We start with $\boldsymbol{A}^\prime \boldsymbol{AB} - \boldsymbol{A}^\prime \boldsymbol{AC} = 0$.

$$ \begin{gathered} \boldsymbol{A}^\prime (\boldsymbol{AB} - \boldsymbol{AC}) = 0 \\
(\boldsymbol{B}^\prime - \boldsymbol{C}^\prime) \boldsymbol{A}^\prime (\boldsymbol{AB} - \boldsymbol{AC}) = 0 \\
(\boldsymbol{AB} - \boldsymbol{AC})^\prime (\boldsymbol{AB} - \boldsymbol{AC}) = 0 \\
\boldsymbol{AB} - \boldsymbol{AC} = 0 \end{gathered} $$

We will use this fact to show that $\mathcal{C}(\boldsymbol{A}) = \mathcal{C}(\boldsymbol{AA}^\prime)$.

Recap on column spaces

Say $\boldsymbol{A}$ is an $m \times n$ matrix.
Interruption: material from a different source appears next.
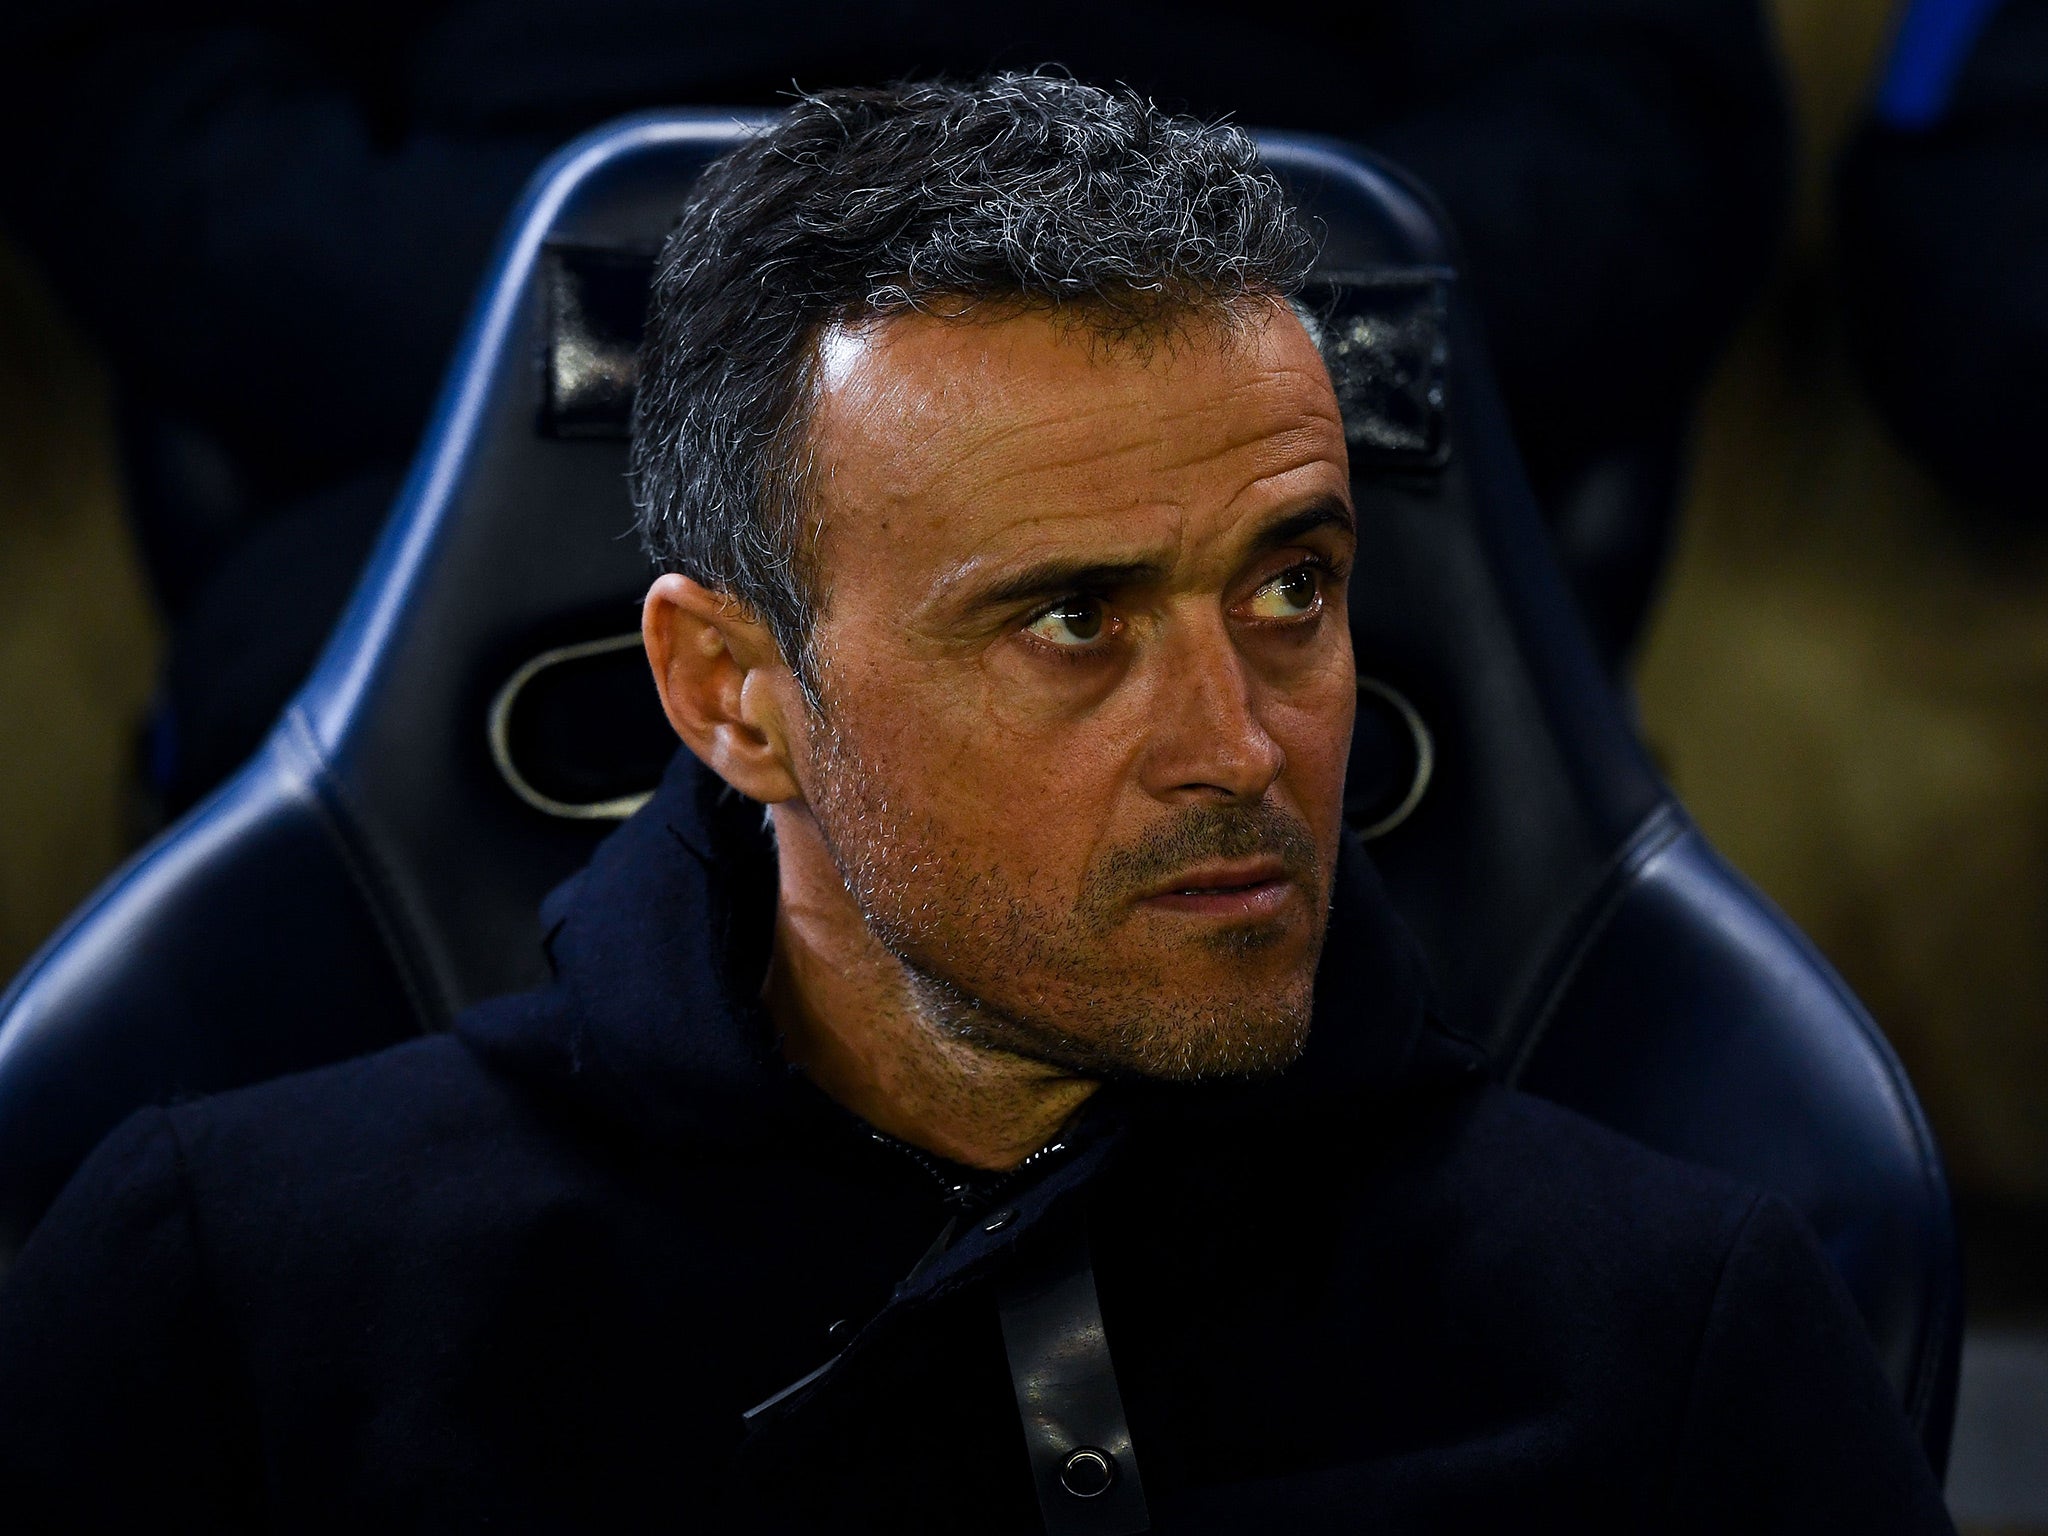 Reports in the Catalan press suggest Luis Enrique has already decided on who he would like to be succeeded by at the Nou Camp

If vector $\boldsymbol{y} \in \mathcal{C}(\boldsymbol{A})$, it means $\boldsymbol{y} = \boldsymbol{Ax}$ for some $\boldsymbol{x}$. Similarly if $\boldsymbol{y} \in \mathcal{C}(\boldsymbol{A})^\perp$, then $\boldsymbol{y} \perp \mathcal{C}(\boldsymbol{A})$. Since $\boldsymbol{y}$ is orthogonal to each column of $\boldsymbol{A}$, we have

$$ \boldsymbol{y}^\prime \boldsymbol{a}_j = 0 \quad \forall j = 1, \cdots, n \Rightarrow \boldsymbol{y}^\prime \boldsymbol{A} = \boldsymbol{0}^\prime $$

Similarly, if $\boldsymbol{y}^\prime \in \mathcal{R}(\boldsymbol{A})$, then $\boldsymbol{y}^\prime = \boldsymbol{x}^\prime \boldsymbol{A}$ for some $\boldsymbol{x}$, and

$$ \boldsymbol{y}^\prime \in \underbrace{\mathcal{R}(\boldsymbol{A})^\perp}_{=N(\boldsymbol{A})} \Leftrightarrow \boldsymbol{Ay} = \boldsymbol{0}_{m \times 1} $$

  • Suppose $\mathcal{W}, \mathcal{V}$ are subspaces in $\mathbb{R}^n$, and $\mathcal{W} \subset \mathcal{V}$. Then, $\mathcal{V}^\perp \subset \mathcal{W}^\perp$.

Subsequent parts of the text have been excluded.